Sulu: It would have looked nice in some museum.
Spock: It never would have reached a museum, Lieutenant. There was too much power in that one setting. If not the Kzinti, the Klingons or some other species would have tried to possess it.
- In the conclusion of A Knight of Shadows, J'onn destroys the MacGuffin because "the price was too great" to give in to temptation to use it or hand it over to the episode's Big Bad.
- Done unintentionally in the Transformers episode "The Golden Lagoon". The MacGuffin is a lake that makes any Transformer who bathes in it temporarily invincible. By the time the Autobots and Decepticons finish battling over it, both the lake and the entire area in which the lake is located have been destroyed. Beachcomber, who had originally found the lake, looks at the devastation and bitterly declares that they had won.
- The Encryptor Chip from Cyberchase. Because the original Chip has been destroyed by The Hacker's virus on Mother Board, Dr. Marbles has since been desperate in search for a new one. Unfortunately, whenever a new Encryptor Chip shows up, it's always destroyed in the end.
- In the second to last storyline of Season 3 Star Wars: The Clone Wars, Osi Sobeck, Prison Warden of the Citadel, attempted to pull this by killing Captain Tarkin, who carried half of the coordinates of a secret hyperspace-route. He was saved by Ahsoka.
- In Young Justice this is Black Beetle's point of view. "A resource that falls into the hands of the enemy, is a resource best destroyed." Paraphrased.
- One episode of Reboot has Frisket eat a delete command, causing Megabyte to hunt him and Enzo throughout the entire episode. Ultimately the command ends up useless when it, ahem, comes out the other end.

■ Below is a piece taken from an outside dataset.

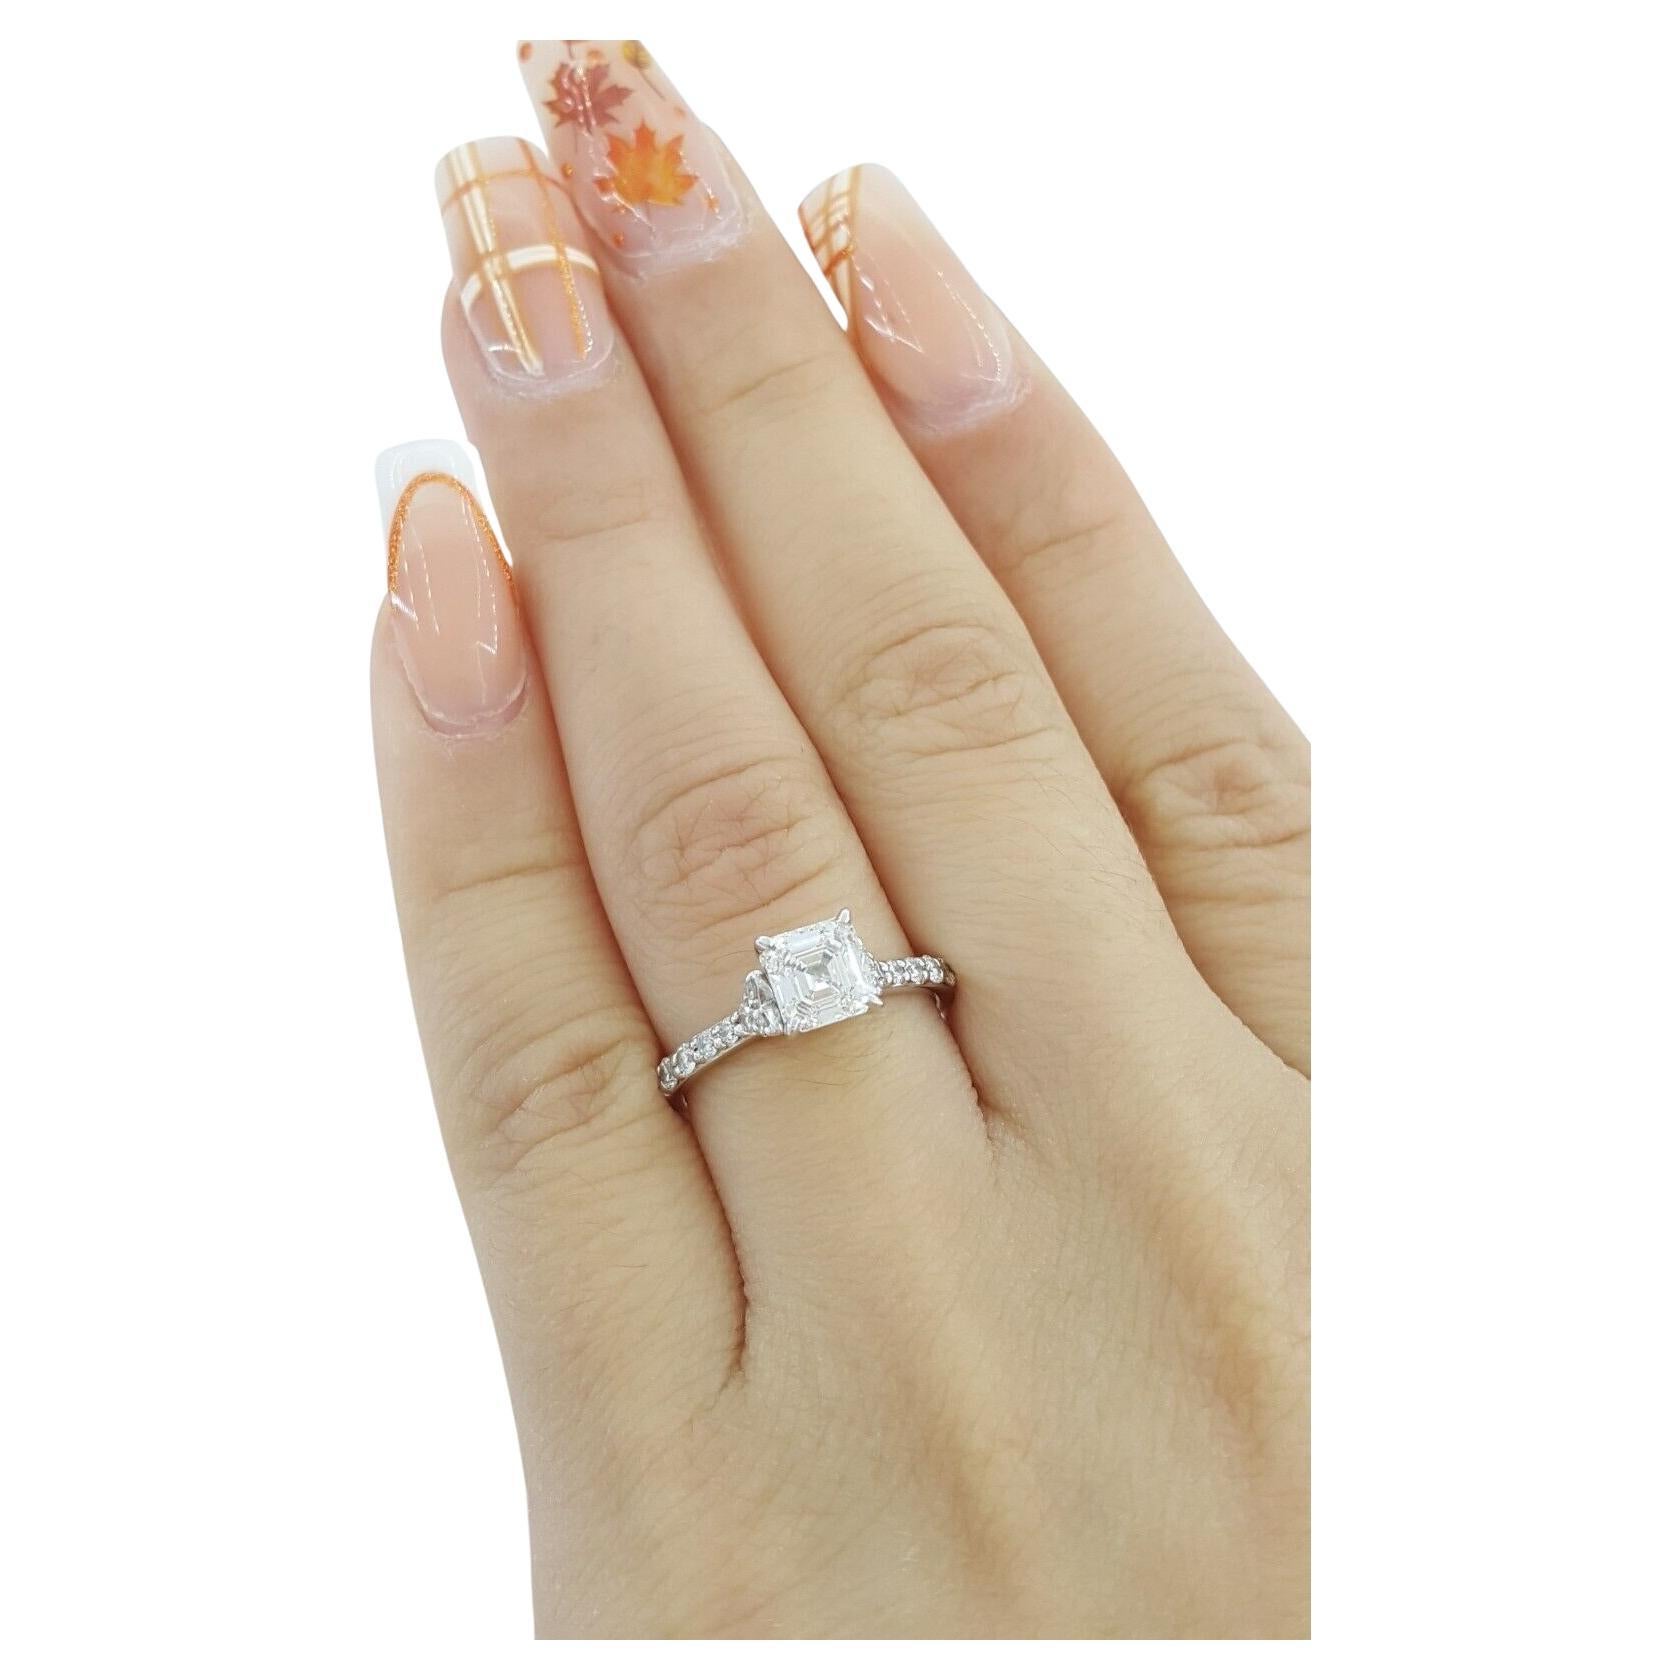  Bague de fiançailles en or blanc 18k avec diamant de taille Asscher. 

La bague pèse 2,6 grammes, taille 4,5 (peut être adaptée à la plupart des tailles de doigt), la pierre centrale est un diamant Asscher naturel de taille émeraude carrée pesant

- The episode Jack and the Labyrinth of Samurai Jack has the titular Samurai and a thief (an expy of Daisuke Jigen) both fighting over a gemstone. They sway back and forth between helping and fighting one another for it and, when everything is over and they've escaped, after a moment of Lying In The Dirt Together the thing breaks and ends up worthless.
- The threat of doing this happened in China in 283 BC, making this trope Older Than Feudalism.
- The military carry thermite grenades for this very reason. If they have to abandon vital supplies for any reason, they will use a grenade to destroy it, so that it can not be used against them by the enemy.